Subsequent steps S10-S17 are the same as the operation example of the start node shown in FIG. 12.

Since the alarm recovery notification to the monitoring device 3 is prevented at step S17, the alarm mask state continues (at step T3).

Operation Example of End Node: FIG. 14

This operation example of the end node is different from that of the intermediate node shown in FIG. 13 in that steps S5 and S6 are omitted.

Namely, only steps of transmitting the path message PathMsg to the adjoining node and of receiving the reserve message ResvMsg from the adjoining node are omitted, while other steps are the same as those of the intermediate node. Accordingly, the alarm recovery notification to the monitoring device 3 is also prevented at step S17, thereby leaving the alarm mask state to be continued (at step T3).

On the other hand, there is a system comprising a plurality of information transfer nodes setting up a transmission line between the node devices and transmitting/receiving information through the transmission line, and a service quality control node transmitting instructions for resetting the transmission line to the information transfer nodes according to a result of monitoring a network state realized by the information transfer nodes. The system can perform a control satisfying a service quality with a transmission line composed dynamically and flexibly by performing the instructions for resetting the transmission line to a plurality of information transfer node devices according to the monitoring result (see e.g. patent document 1).

[Patent document 1] Japanese Patent Application Laid-open No. 2004-247943

As mentioned above, while the alarm mask with the object (ADMIN_STATUS object) included in the message (PathMsg) upon path setup by using the GMPLS is prescribed in the recommendation (RFC 3473), there has been a problem that the alarm mask state continues, so that only releasing has to be artificially executed to the nodes.

SUMMARY OF THE INVENTION

It is accordingly an object of the present invention to provide a path alarm processing method and device which can easily and promptly release an alarm mask designation upon path setup.

In order to achieve the above-mentioned object, a path alarm processing method (or device) according to the present invention comprises: a first step of (or means) performing an alarm mask release designation together with an alarm mask designation upon path setup; and a second step of (or means) releasing an alarm mask based on the alarm mask release designation when a recovery of a generated alarm is recognized during alarm monitoring.

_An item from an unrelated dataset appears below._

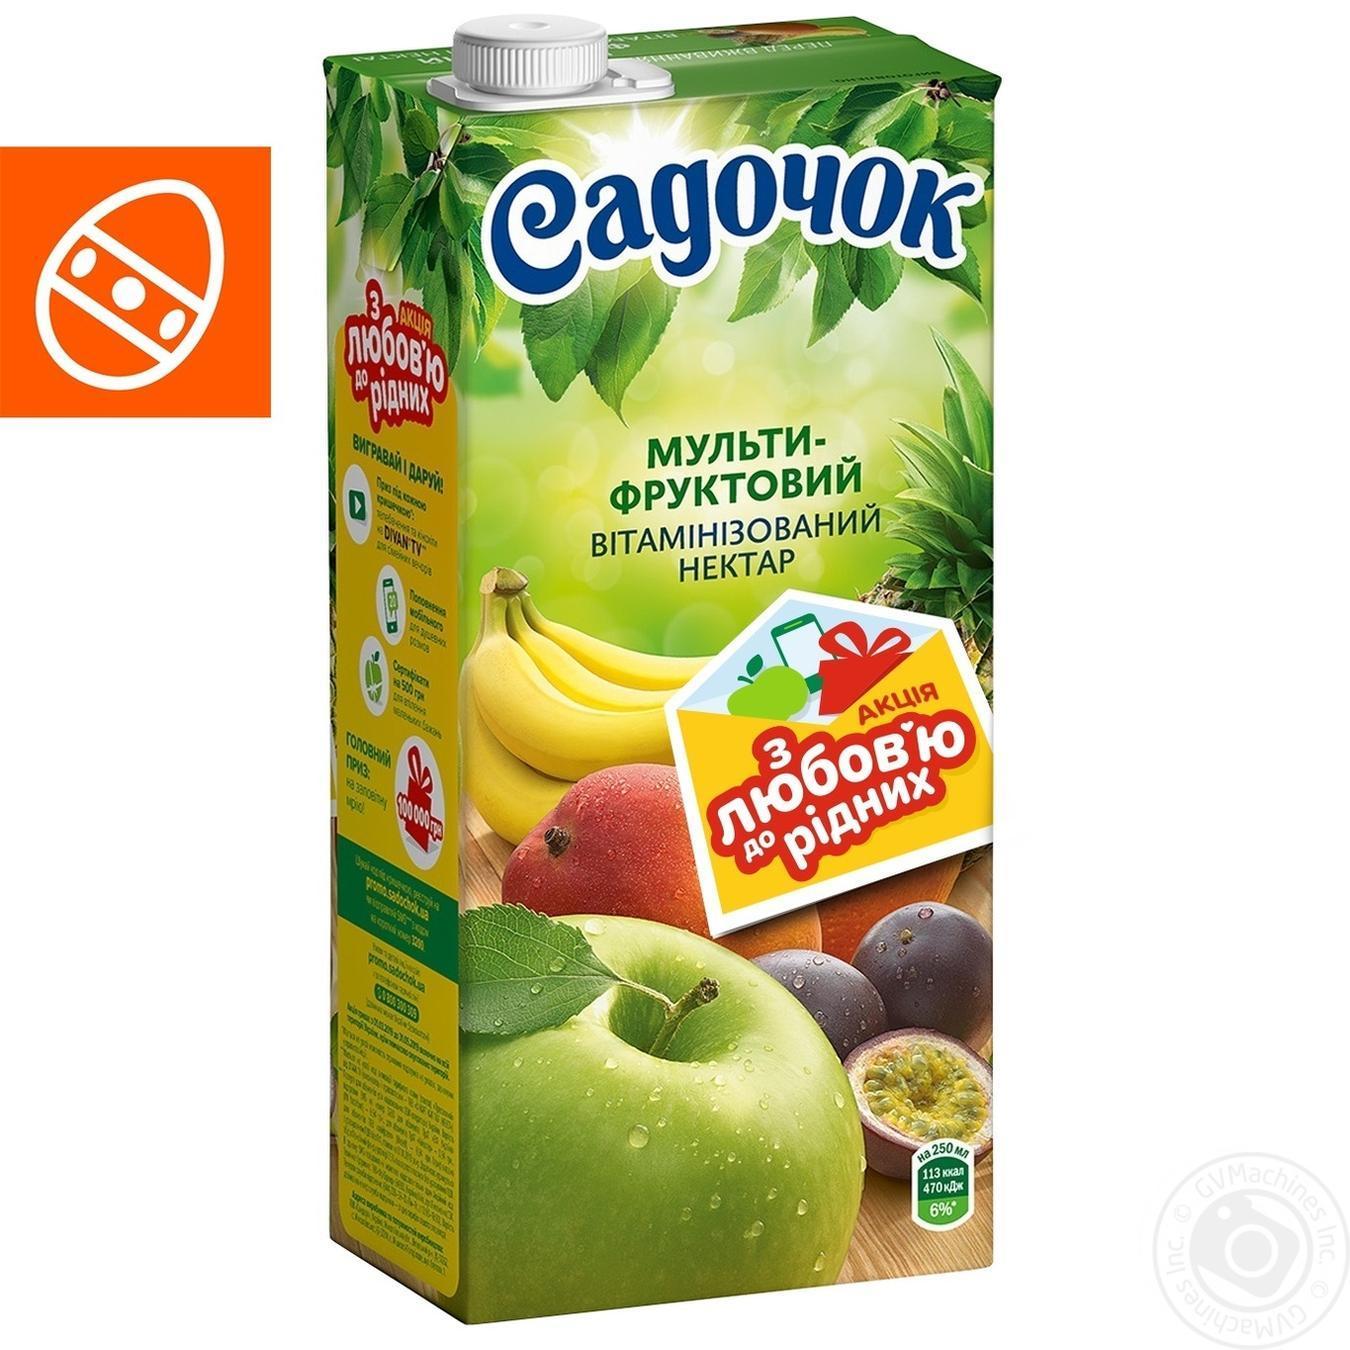 Нектар Садочок мультифруктовий 0,95л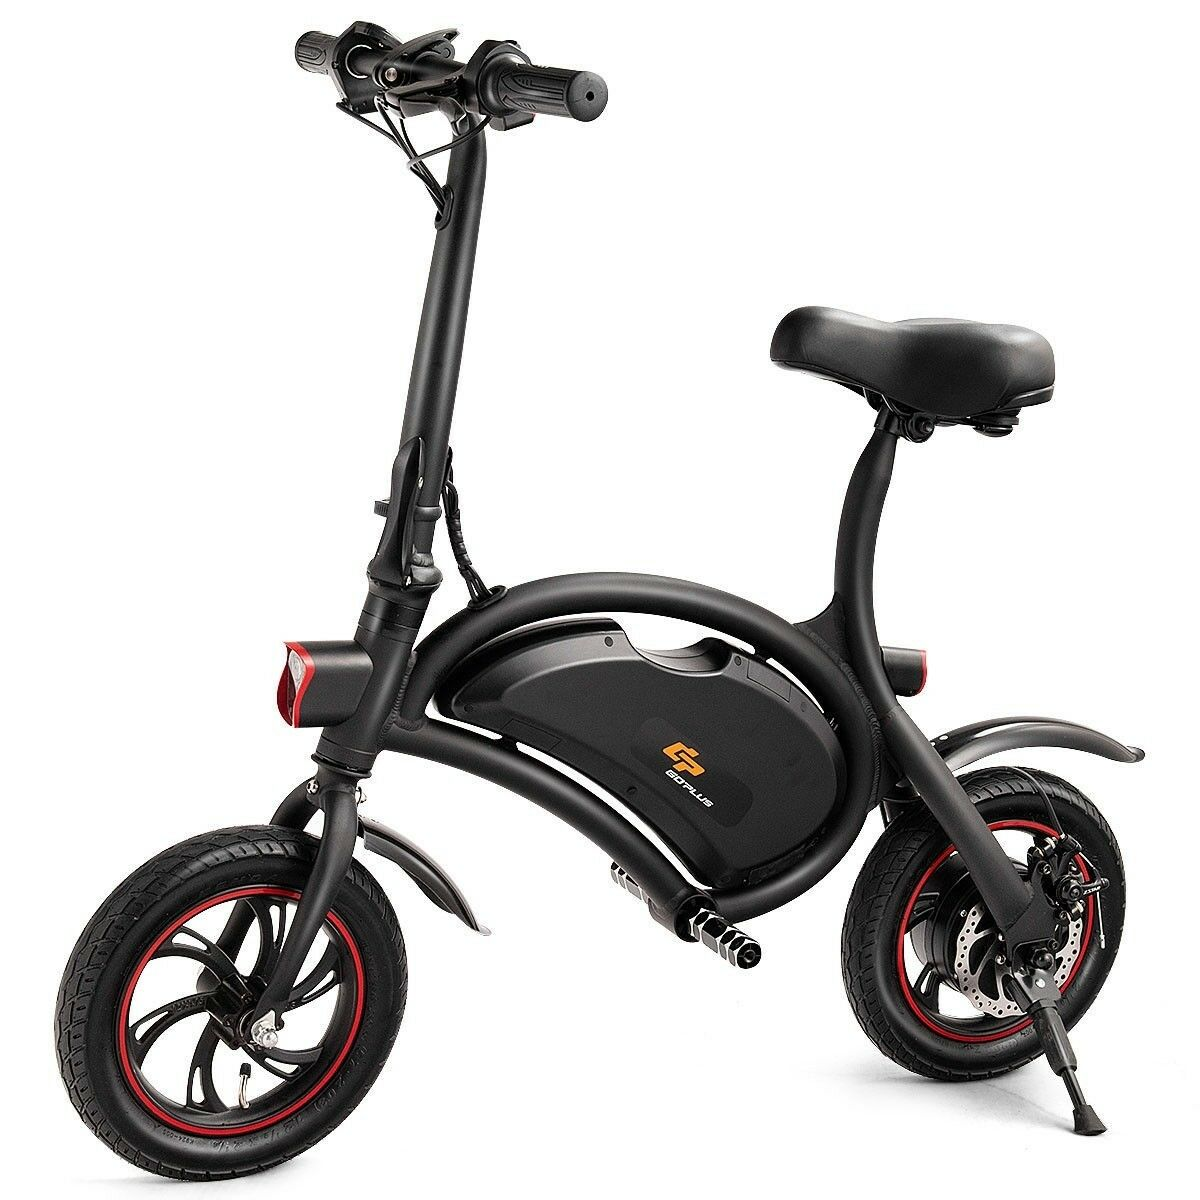 36  x 39  x 19  Folding Electric Bike Bicycle EBike Cruise Control Headlight APP

Namely, in the present invention, while an alarm mask designation is performed upon path setup in the same way as the prior art example, an alarm mask release designation is also performed concurrently. When a generation of an alarm is recognized and a recovery thereof is recognized during alarm monitoring, the alarm mask release designation is confirmed. As a result, when it is found that the alarm mask release designation has been performed, the alarm mask release is performed with this designation as a trigger.

The path setup in this case may use a path setup by GMPLS.

In a start node or the like, the alarm mask designation and the alarm mask release designation may be performed upon path setup command input. In an intermediate or end node, the alarm mask designation and the alarm mask release designation may be performed by confirming whether or not a path message received upon path setup is stored in a predetermined field.

Also, the above-mentioned predetermined field may be an ADMIN_STATUS field (object) in the path message PathMsg as shown in e.g. FIG. 1. Unused bits of a Sub-TLV field in the ADMIN_STATUS field can be assigned to the alarm mask release designation.

For the above-mentioned alarm mask release designation, by using unused bits of the Sub-TLV field, at least any one of a fixed time having passed after the path setup (timer system), a predetermined message indicating the alarm mask release (message system), and a predetermined number of receptions of the predetermined message (message reception number system) can be designated.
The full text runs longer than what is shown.